Interference can also be caused by climatic factors such as heavy rainfall which can attenuate the frequency between the APs and clients thereby resulting to the scattering of radio frequency. Buildings, walls or any other form of obstruction can cause multiple paths between a transmitter or AP and a receiver or client thereby leading to signal cancellations and random fades are generated in signal strength leading to fading. Concrete walls and metal walls also have a high level of interference because they can easily absorb the radio frequency propagated by access points.

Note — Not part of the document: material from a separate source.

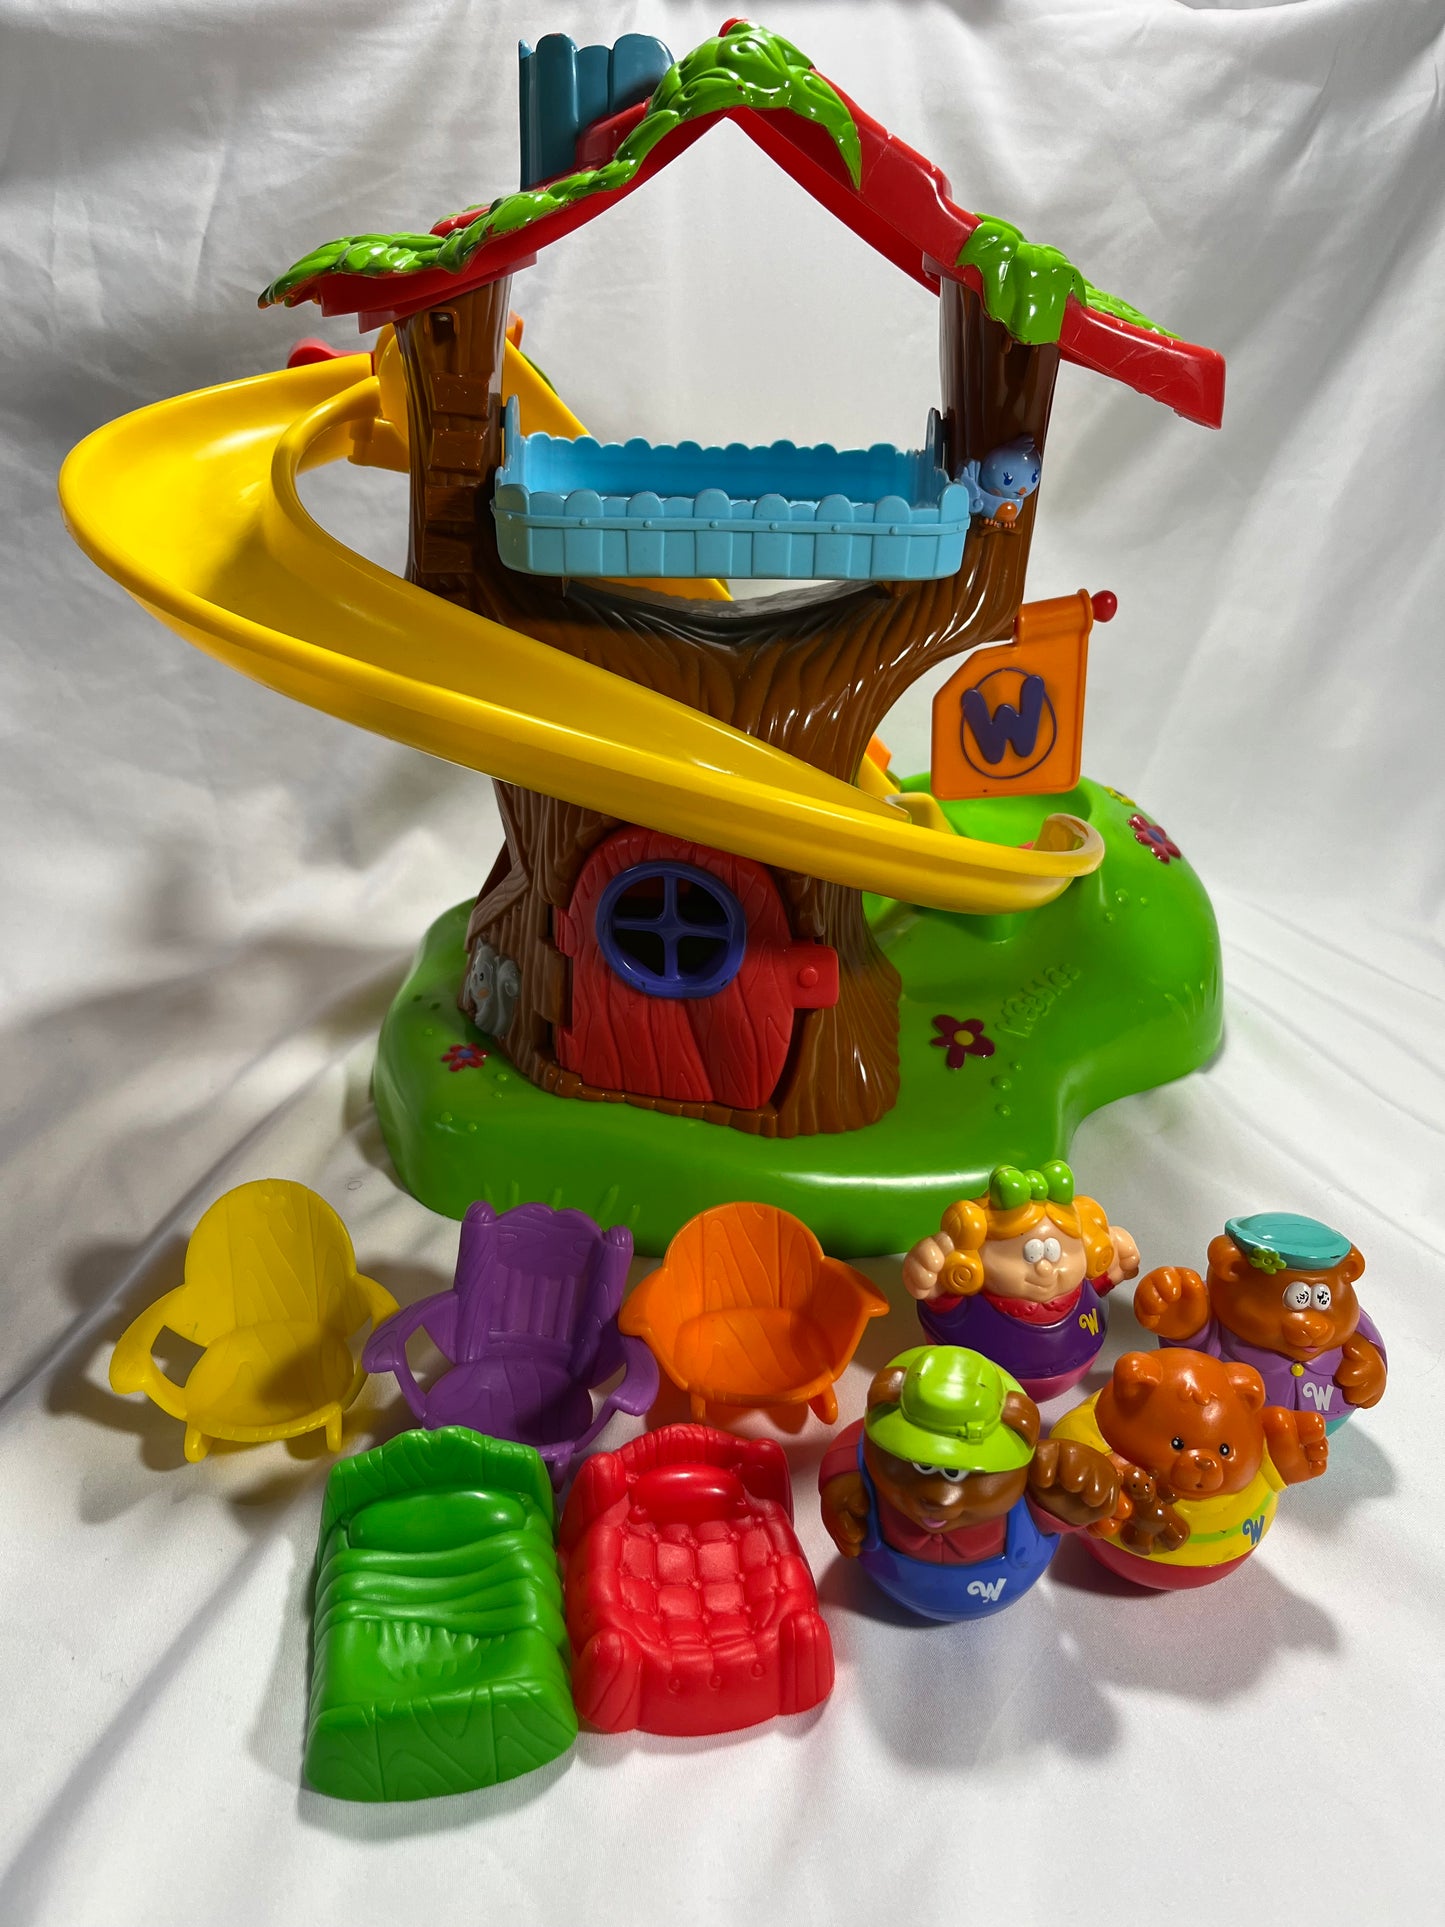 Weeble wobble treehouse playset

5.2 Recommendations to reduce risk/impact of interference

The 2.4GHz spectrum of the ISM band is divided into 11 channels which contain 3 non-overlapping channels. A wireless device can be allocated to any of the available channels, therefore by using a spectrum analyser tool like Cisco WCS, an analysis can be carried out to determine the channel assignment of the neighbouring wireless networks that are causing interference, this is analysis is necessary because It won’t be a good idea to just switch the channel assignment of the APs in the network without knowing which channels are less busy or congested. Based on the analysis, a different channel which is free can be assigned to the APs or the wireless network keeping in mind that the channel that the wireless network is assigned is actually the centred frequency, while the actual frequencies being used extend in both directions and overlap 2 channels on each side e.g. if an AP is centred on channel 9 it uses frequencies from channel 7 up to 11. Furthermore by the reducing the power of APs in areas of high client density interference can be reduce while increasing performance (Wu and Hsieh, 2007).

The 802.11n standard has the ability to operate on the 2.4GHz and the 5GHz channel, and it is also backward compatible with other previous standards, therefore implementing 802.11n APs can actually reduce the interference issues faced on the 2.4GHz channel by using the 5GHz channel, furthermore most 802.11n routers are intelligent enough to handle automatic channel selection and dynamic frequency selection (DFS) when a particular channel used is causing interference.

AP location and antenna orientation are also essential methods of handling interference due to multipath fading and path loss. If the APs and the antennas are located too high the signals might be above the clients and if it is installed too low, obstacles and objects might reflect, absorb the signals. Therefore it will be better to use Omni directional antennas to provide coverage for large circular areas and directional antennas for areas that are conical or triangular in nature.


For the purpose of the solution on the hospital, it will be a good idea to use an AP that is 802.11n compliant because this will enable the AP to operate both on the 2.4GHz and 5GHz frequency bands. The MIMO ability of the 802.11n will enhance throughput, furthermore the 802.11 standards used by the mobile devices of the staffs of the hospital are unknown therefore in other to enhance compatibility and accommodation of other standards, an 802.11n compliant device e.g. a Cisco 1260 access point would be a better option

The Wired network already existing in the building can be integrated with a proposed WLAN using the methods of integration analysed above while implementing a WLC for centralized management of the APs. Monitoring of devices and staffs on the network can be done by implementing the Cisco WCS which will also serve as the Intrusion Detection System furthermore the security methods listed above will provide confidentiality, integrity and availability. The interference solution techniques should be implemented above to reduce interference and noise in the network and also to maintain good quality of service.